I think something worth mentioning is that you don't even need to save up for a desktop DAC/AMP, for vast majority of earphones/headphones just get the Apple USB-C dongle and it works flawlessly. The audiophile community approves it and its what i exclusively use
Hi Linus, great vid! LOVE it. As an electrical engineer I agree with you. These are bogus products. Please be aware that databusses are not to be filtered since that would 'short circuit' the dataflow. Hence, no data will go through. Further, motherboards are designed to obtain intra electromagnetic compatibility (EMC). Lots of noises, hisses and unexpected HW problems may be caused by EMC problems. Adding extra components (capacitors, resistors and/or coils) where the designer didn't anticipated, these components could well ruin the EMC and that might be the case of your observation that the performance got worse. Bad idea these products, I would say. Too pitty people fall for this scam. Job well done for exposing them! Thumbs up for you and your crew!
I’m impressed that you weighed the noise with LUFS, but I’m disappointed that you didn’t do a phase test with a music file, as that would have arguably given you a broader data range. I mean correct me if I’m wrong, but wasn’t the reason for building the new lab so you could be more objective in your reviews and collect more data? Obviously audio doesn’t need as much as a keyboard, but it always hurts when phase tests are ignored.
I believe the product claims were only noise, not phase shift (although filtering would lead to phase shift). Tbh, for the intent of this video I believe only amplitude of the boosted signal is sufficient to prove scam vs. no scam.
@@danilolattaro That’s not what I mean. If I was to take a lossless wav file, and convert it to a lower quality mp3, and play both files back simultaneously, with one of them phase inverted, you wouldn’t hear the file louder, you’d hear the difference between the two files, specifically what is missing from the mp3. If they were to perform a phase test with the product(s) demonstrated, it would have given a rough estimate to how much difference there is in noise. For audio engineers such as myself, it’s something I’d like to see. Especially since LMG is trying to be more objective and have more data, yet they skip over the most basic of audio tests
@@minecraftWithDanielD now I understood what you meant by phase test. I thought you were talking about signal phase as taken from control theory/signal processing point of view
@@datketh1556 What I am saying, is that LLT didn't provide any data, and didn't provide any display of understand as to how you actually test and prove the noise is from the module. The sound could come from something else, but LTT didn't isolate the signals, so they didn't know what made the noise.

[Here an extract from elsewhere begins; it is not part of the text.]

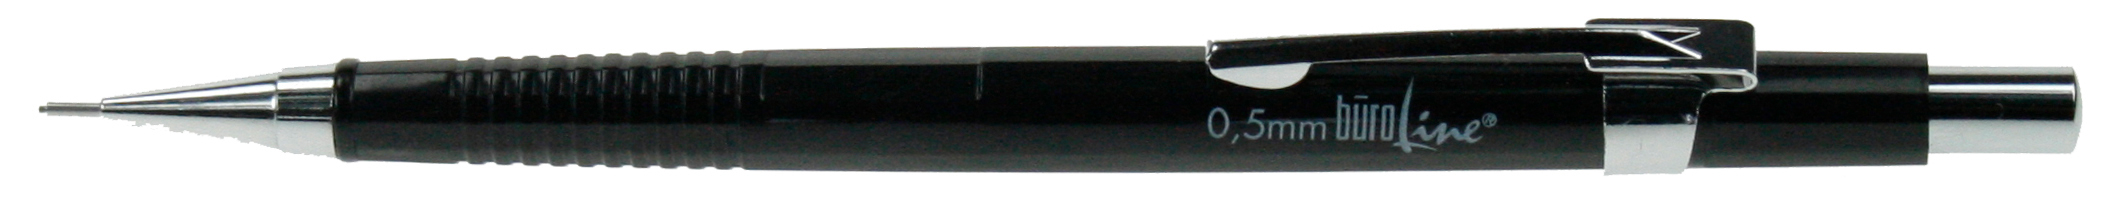 BüroLine Druckstift 0.5mm schwarz<br>

Again another superb upload from LTT,love these kind of vids testing out this junk,I instantly knew those Rubycons had to be fake,they simply wouldn't be able to make any money back let alone any profit if those were genuine Rubys.
It's sad to think that these products might actually work if they weren't made of counterfeit noisy components. Potentially spreading disinformation. Ironically the History of the phrase Snakeoil is related to counterfeiting snake-oil with cheaper vegetable oils. Real snake oil is like cod-liver oil, which is well documented for it's health benefits. Snake oil is actually legit! It makes sense that an animal that's just a string of joints would have adapted to produce joint healthy oils. A seed on the other hand, far less mobile lol
Yeah I think they are fake. Contrary to what the guys found, Rubycon actually does make a cap that looks exactly like the ones in the video, at the advertised specs of 400V / 2.7uF. Part number would be 400RX302R7. !But! the real caps are rated 130C and the one in the video says 125. So yeah. Fake.
It’s worth noting that even well heeled brands get their high end parts jacked and replaced by their manufacturer without them knowing. It’s a really negative cultural trend to see whole industries and regions embracing counterfeiting, and scam call centers etc. People should only buy parts direct from the source, as anything on the second hand market is probably supporting companies who swapped out parts to turn a profit selling the real ones on the black market. All in all a good reason to keep your manufacturing close enough to where you can keep an eye on it, and litigate it without cross border immunity.
If you hear noises in your pc sound, just buy a $20 spdif dac to plug on your mobo/sound card. The signal is digital, so power spike & other typical analog interferences don't apply. Plus they supports 24bit/192khz (personally I can't tell the difference, but I don't own an hifi headset). Mine is powered by usb from the pc, but it doesn't seem to suffer from electric interference like the onboard audio did. E.g. I no longer hear a pop whenever my refrigerator pump switches on/off.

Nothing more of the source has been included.